Where we end the film is with the character of Dillios, who was sent away, along with the Arcadians, Phocians, and other Greeks who fought at Thermopylae. This is yet another accurate detail, as Herodotus tells us that Leonidas really did send everyone away, including a Spartan, who had an injured eye. This man was actually named Aristodemus, not Dillios, and his eye was infected, not injured. However, just as in 300, Herodotus has him regretfully leaving. In the Herodotus version, there were actually two men who were sent home, but one refused to leave, and instead died in battle, while Aristodemus went back to Sparta, and was accordingly scorned by the whole city, for his cowardice.

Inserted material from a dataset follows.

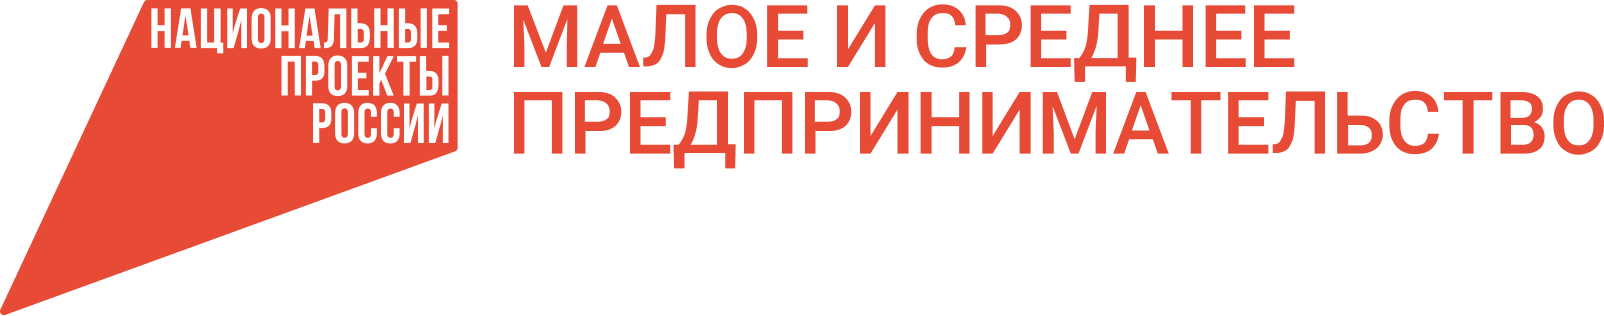 Logo_natsproekta.png

Here the differences stop, though, with film having Dillios lead the charge at the battle of Plataea, and Herodotus relating that, at Plataea, Aristodemus wiped away all of his shame. This seems like a nice analog for the film’s relationship to history: it takes some missteps, some slight and some grievous, but ultimately delivers. While Dillios/Aristodemus delivered heroics at the final pivotal battle of the Greco-Persian wars, 300 delivers insight in addition to action. It’s true that 300 is sometimes wrong–really, really wrong–but it is also right about many things that no other source has ever bothered to describe, outside of the documentary genre. …which is a shame, since Sparta was such an interesting culture.

What we get in 300 is valuable. Incredibly valuable as entertainment, but valuable as history, too, with some decoding. In the very least, it gets us to ask the question, which is a good step, when so much of our learning about ancient Greece is limited to “there were city-states, called Athens, Sparta, and Corinth. There was this guy, named Socrates, too; you won’t understand the things he talked about, but you should know his name.” …and if Bill and Ted’s Excellent Adventure is the measuring stick for what we typically learn about Greece, surely 300 is an improvement.